Walsh: And finally on Iran, what if they continue to defy world opinion and develop a nuclear weapon capability? What should the United States do about it?

Carter: Well, first of all, I think we should be communicating with the Iranians directly, through diplomatic means. Even after the shah was overthrown, we still maintained diplomatic relations with Iran--in fact, that's proven by the fact that my hostages were in Tehran. They had an equal number of diplomats in Washington, about 75 or so, and we should be communicating with them. And secondly, we should assure them that we don't intend to launch a pre-emptive war against them as we did in Iraq. But there are a lot of threats coming out, and that tends to put the Iranians on the defensive and make them want to do everything they can to build up their weaponry. So communicating with them and letting them know that we'll resolve their difference--differences diplomatically would be my recommendation.

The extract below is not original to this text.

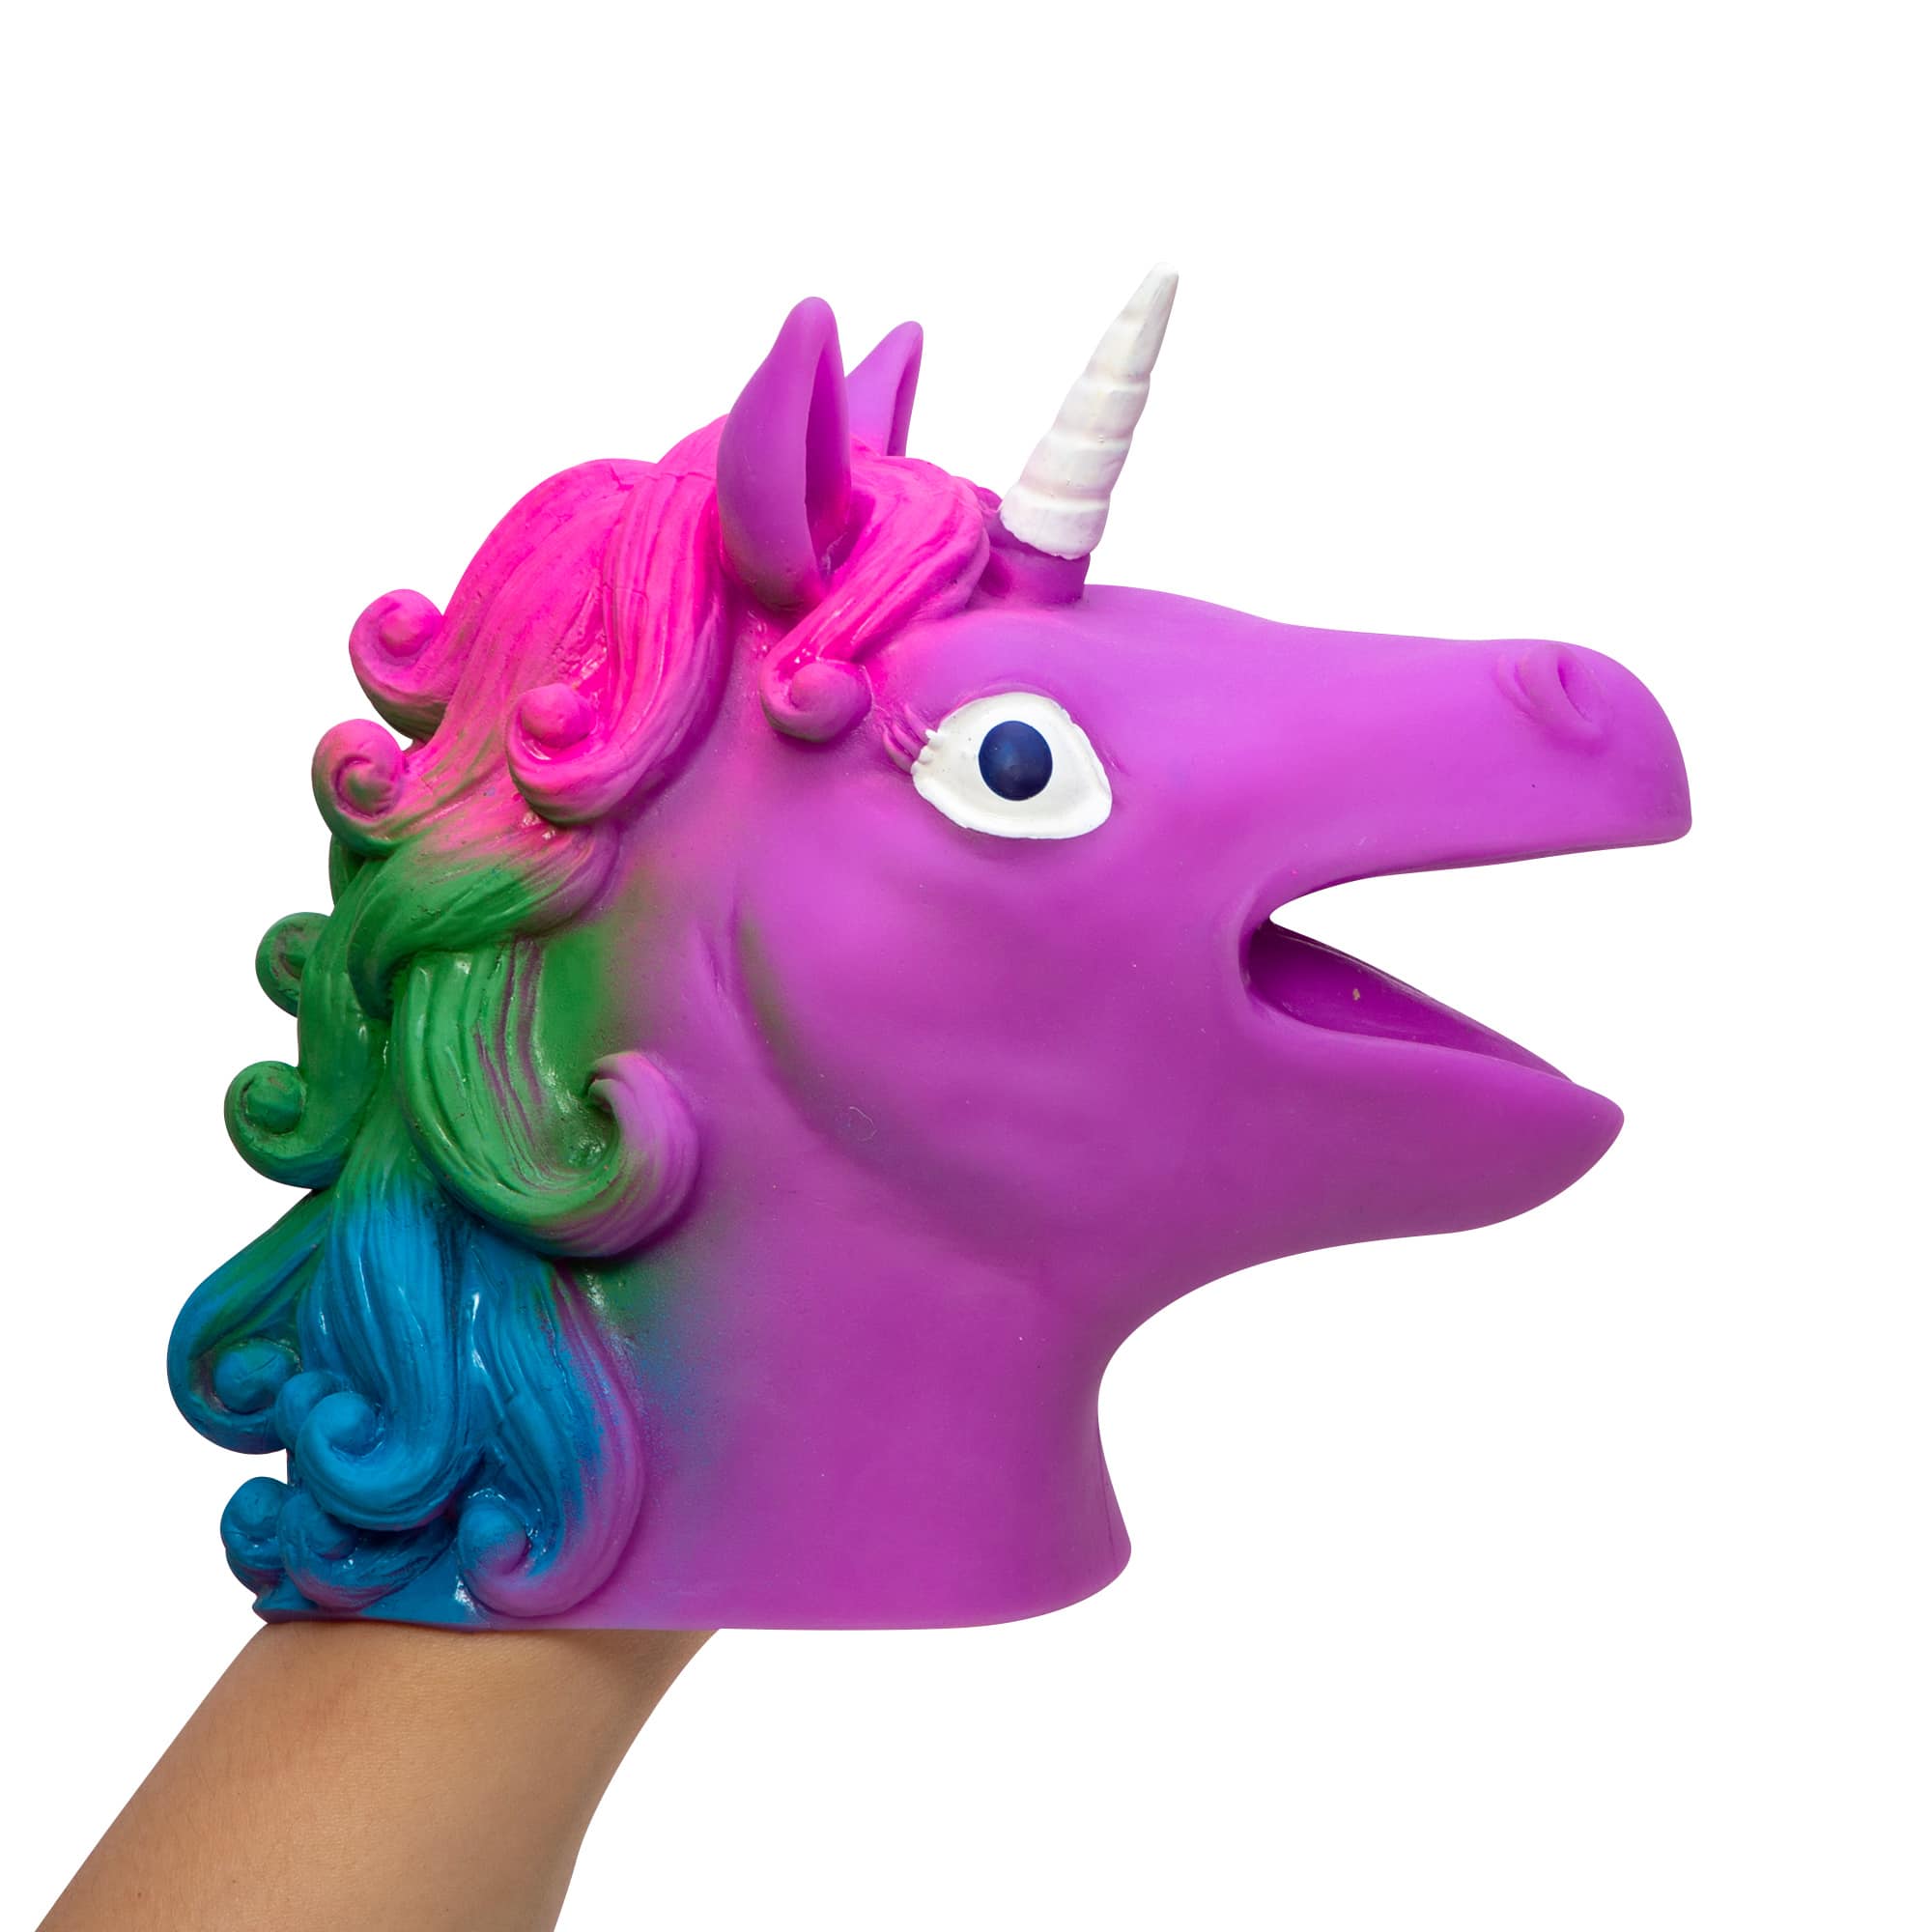 NV304 IMAGINATIVE SILICONE PUPPETS MAGICAL KIDS FUN TOY UNICORN HAND PUPPET

This column agrees that in most situations appeasement and diplomacy are better than war. For example, we wouldn't advocate a military strike, or even the threat of such a strike, against Canada to resolve the current dispute over access to the Northwest Passage.

But when you're dealing with a real enemy as opposed to a friendly adversary like Canada, you sometimes do need to go to war--or, short of that, to use the threat of war to give muscle to your diplomatic effort. The crucial question about the course Carter proposes is: Would it work?